上次分析了客户端源码，这次分析mapper源码让大家对hadoop框架有更清晰的认识

二。代码

自定义代码如下：

public class MyMapper extends  Mapper<Object, Text, Text, IntWritable>{

       private final static IntWritable one = new IntWritable(1);

       private Text word = new Text();

       public void map(Object key, Text value, Context context) throws IOException, InterruptedException {

         StringTokenizer itr = new StringTokenizer(value.toString());

         while (itr.hasMoreTokens()) {

           word.set(itr.nextToken());

           context.write(word, one);

         }

       }

继承Mapper源码如下：

public class Mapper<KEYIN, VALUEIN, KEYOUT, VALUEOUT> {

  /**

   * The <code>Context</code> passed on to the {@link Mapper} implementations.

   */

  public abstract class Context

    implements MapContext<KEYIN,VALUEIN,KEYOUT,VALUEOUT> {

  }

  /**

   * Called once at the beginning of the task.

   */

  protected void setup(Context context

                       ) throws IOException, InterruptedException {

    // NOTHING

  }

  /**

   * Called once for each key/value pair in the input split. Most applications

   * should override this, but the default is the identity function.

   */

  @SuppressWarnings("unchecked")

  protected void map(KEYIN key, VALUEIN value,

                     Context context) throws IOException, InterruptedException {

    context.write((KEYOUT) key, (VALUEOUT) value);

  }

  /**

   * Called once at the end of the task.

   */

  protected void cleanup(Context context

                         ) throws IOException, InterruptedException {

    // NOTHING

  }

  /**

   * Expert users can override this method for more complete control over the

   * execution of the Mapper.

   * @param context

   * @throws IOException

   */

  public void run(Context context) throws IOException, InterruptedException {

    setup(context);

    try {

      while (context.nextKeyValue()) {

        map(context.getCurrentKey(), context.getCurrentValue(), context);

      }

    } finally {

      cleanup(context);

    }

  }

}

解析：我们重新了map方法，所以传进run方法中才能不断执行。

MapperTask源码解析：

Container封装了一个脚本命令，通过远程调用启动Yarnchild,如果是MapTask任务，然后把反射城MapTask的对象，启动mapTask的run方法

Maptask中的run方法：

public void run(final JobConf job, final TaskUmbilicalProtocol umbilical)
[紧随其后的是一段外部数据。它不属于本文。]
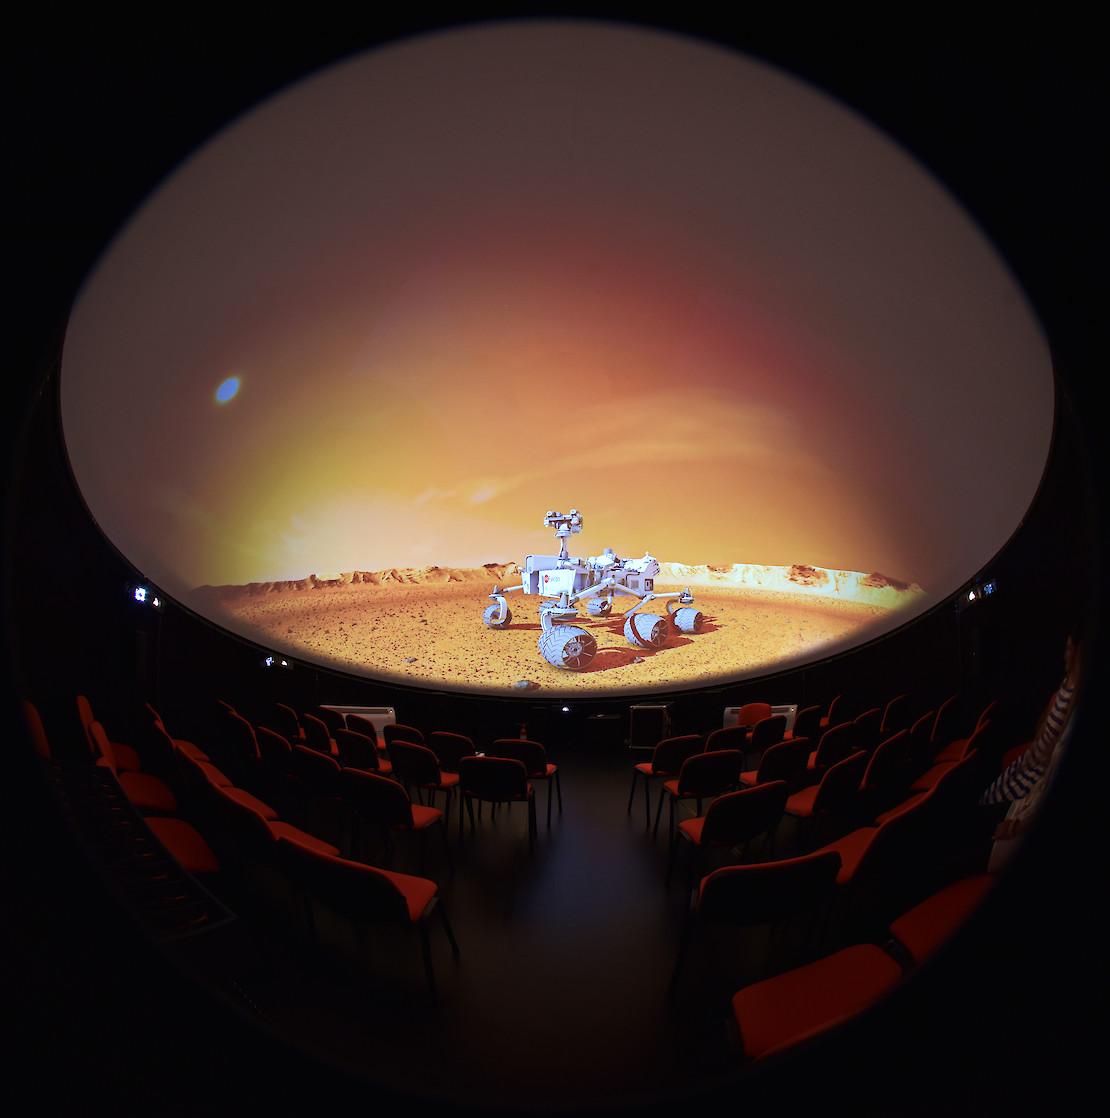 Mars rover displayed on the dome screen of a Screenberry-driven fulldome theater in Castellana Grotte, Italy

    throws IOException, ClassNotFoundException, InterruptedException {

    this.umbilical = umbilical;

    if (isMapTask()) {

      // If there are no reducers then there won't be any sort. Hence the map

      // phase will govern the entire attempt's progress.

      if (conf.getNumReduceTasks() == 0) {//假如没有reduce阶段

        mapPhase = getProgress().addPhase("map", 1.0f);

      } else {

        // If there are reducers then the entire attempt's progress will be

        // split between the map phase (67%) and the sort phase (33%).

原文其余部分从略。